WHAT TO WORK ON →
Could you give the listing again exactly, without its pictures?

DATA SECTION →
====
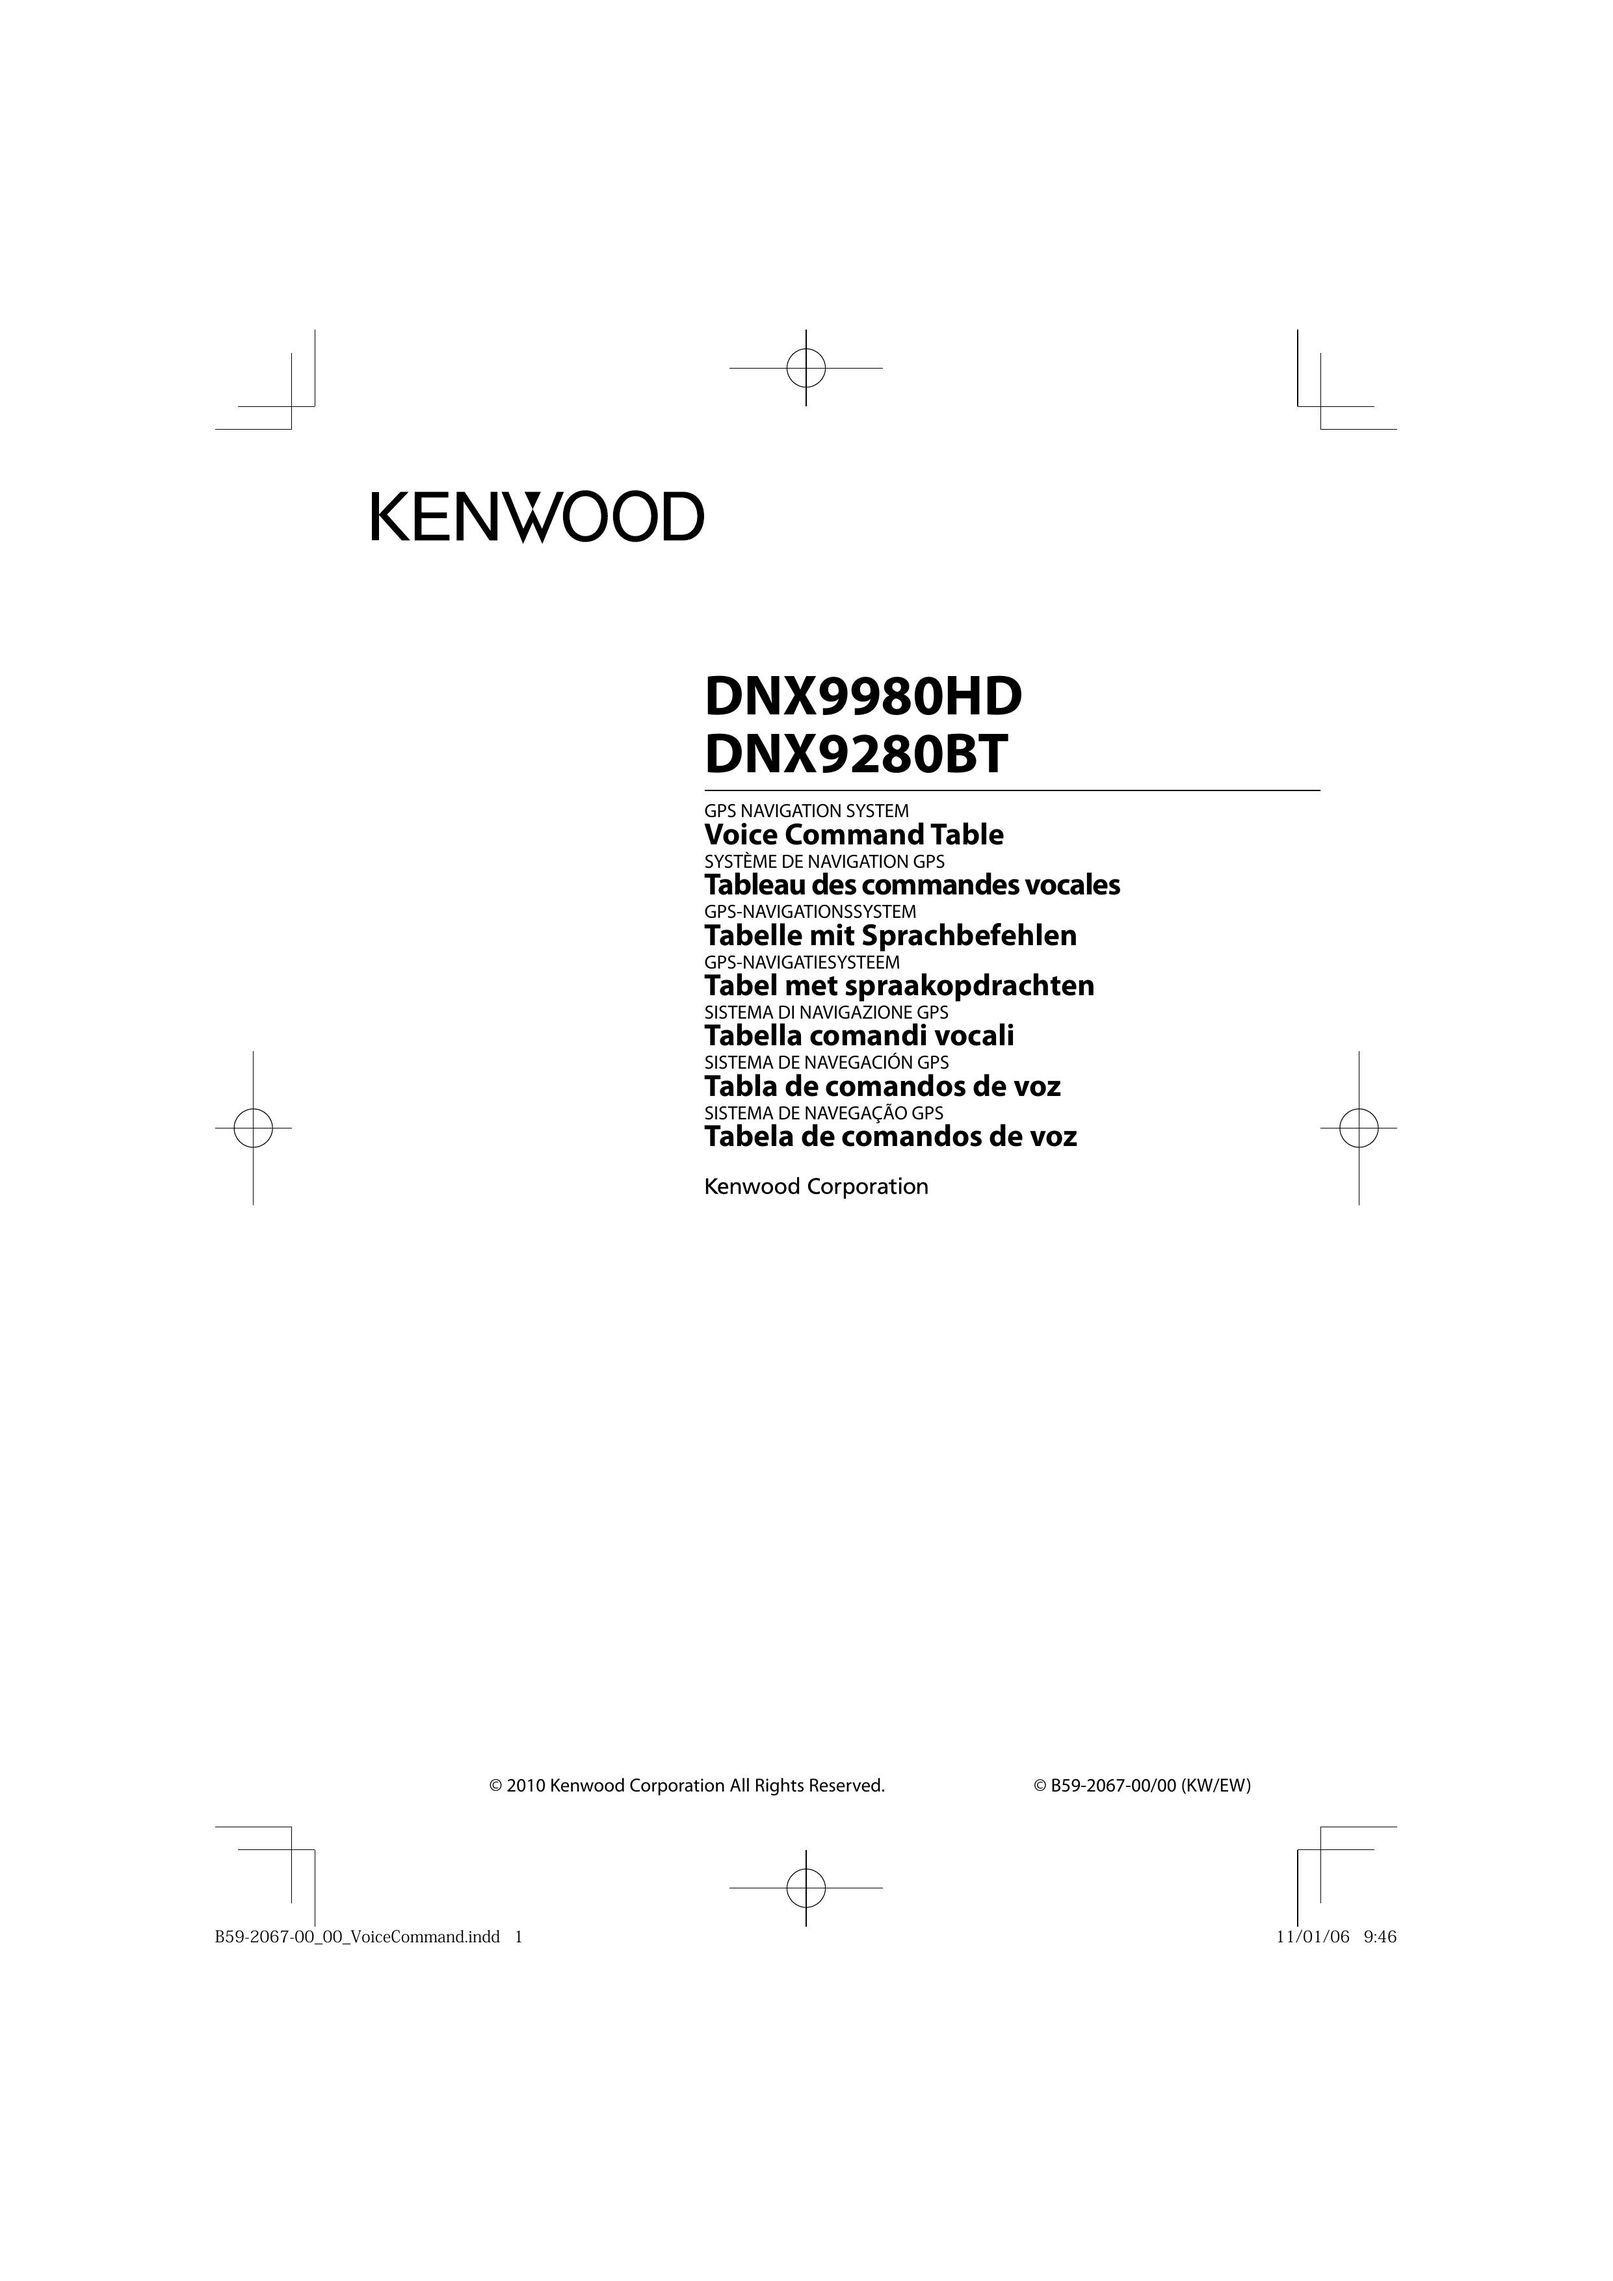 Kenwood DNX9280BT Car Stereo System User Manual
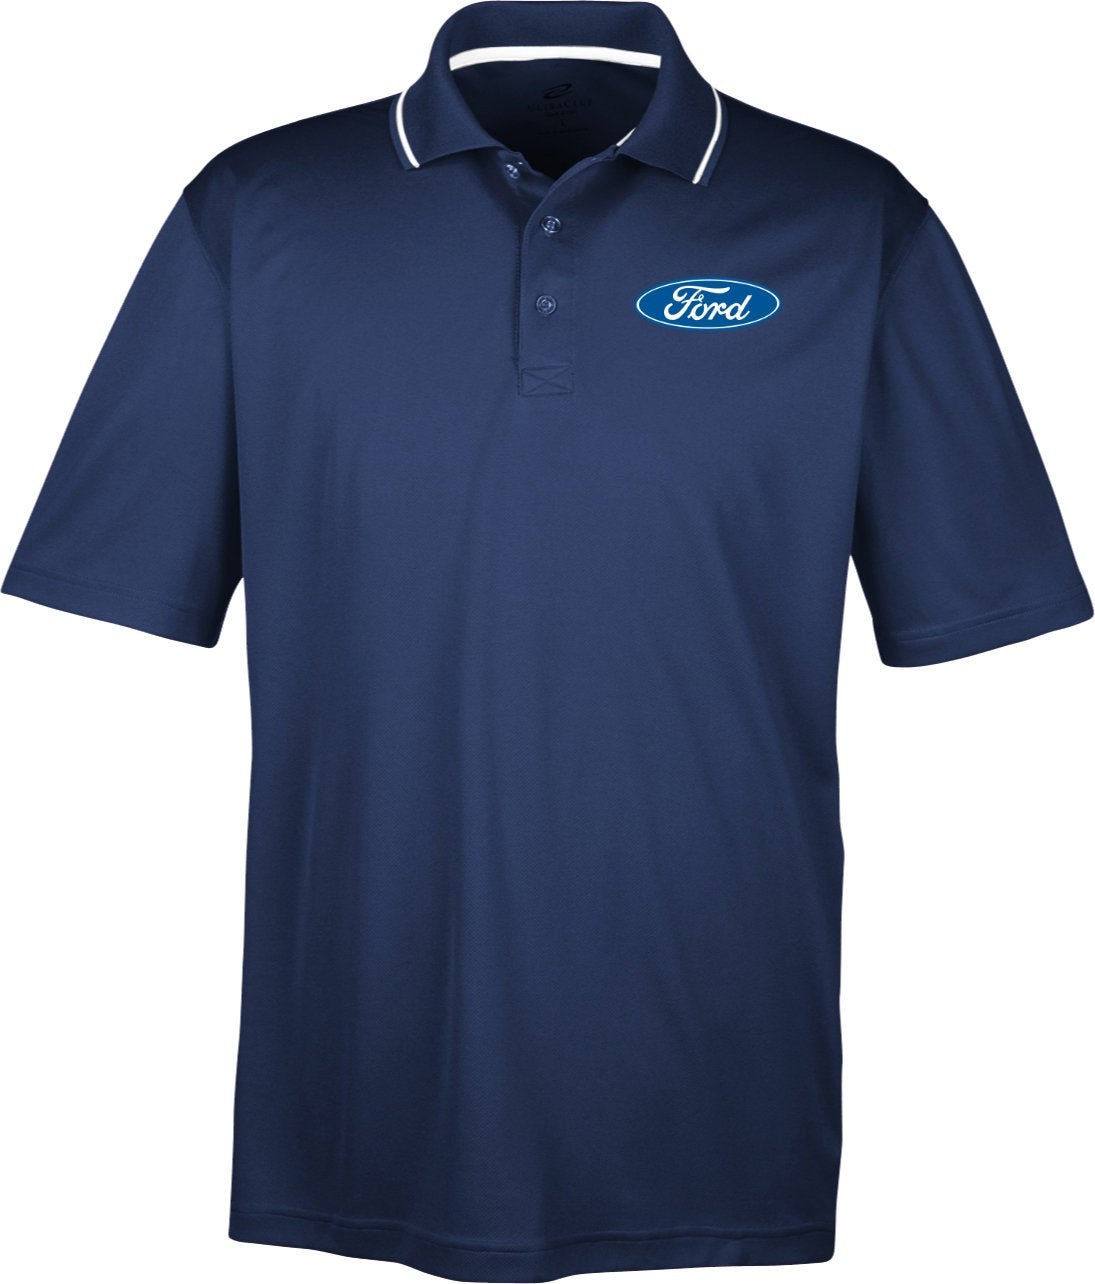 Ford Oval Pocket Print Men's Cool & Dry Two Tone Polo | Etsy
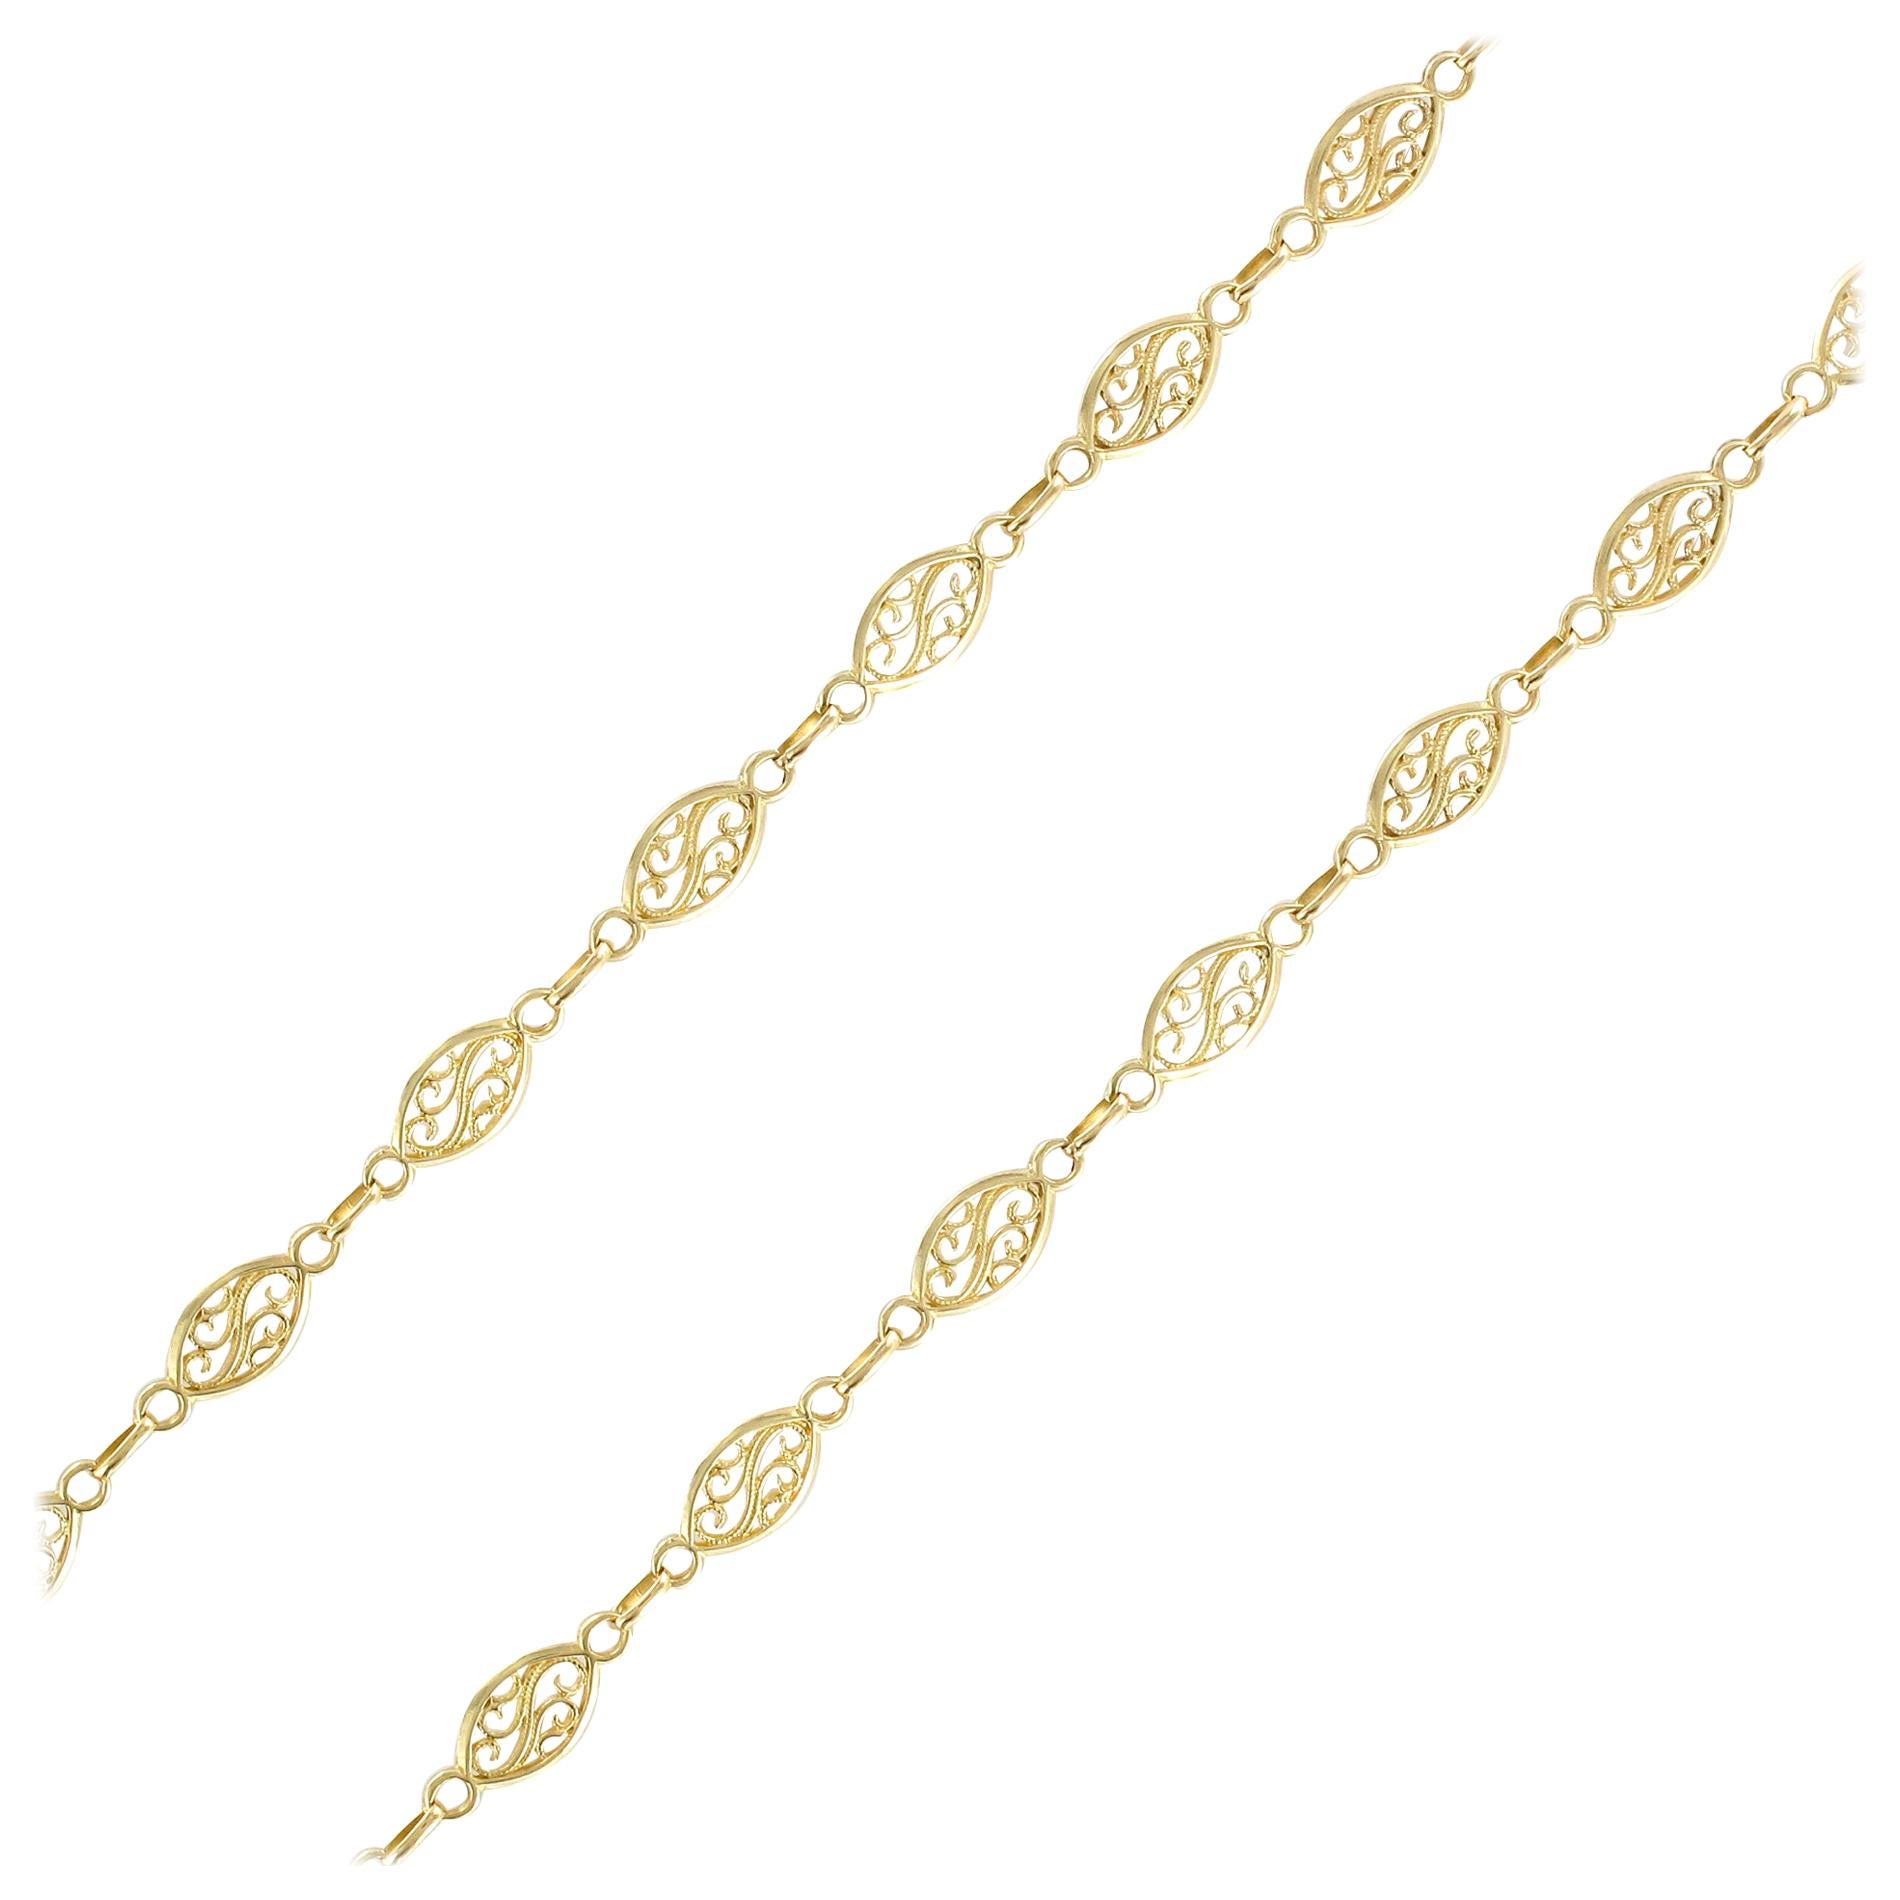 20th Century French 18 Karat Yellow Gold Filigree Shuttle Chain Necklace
====
EXPECTED ANSWER →
 Kenwood DNX9280BT Car Stereo System User Manual
 Ford Oval Pocket Print Men's Cool & Dry Two Tone Polo | Etsy
 20th Century French 18 Karat Yellow Gold Filigree Shuttle Chain Necklace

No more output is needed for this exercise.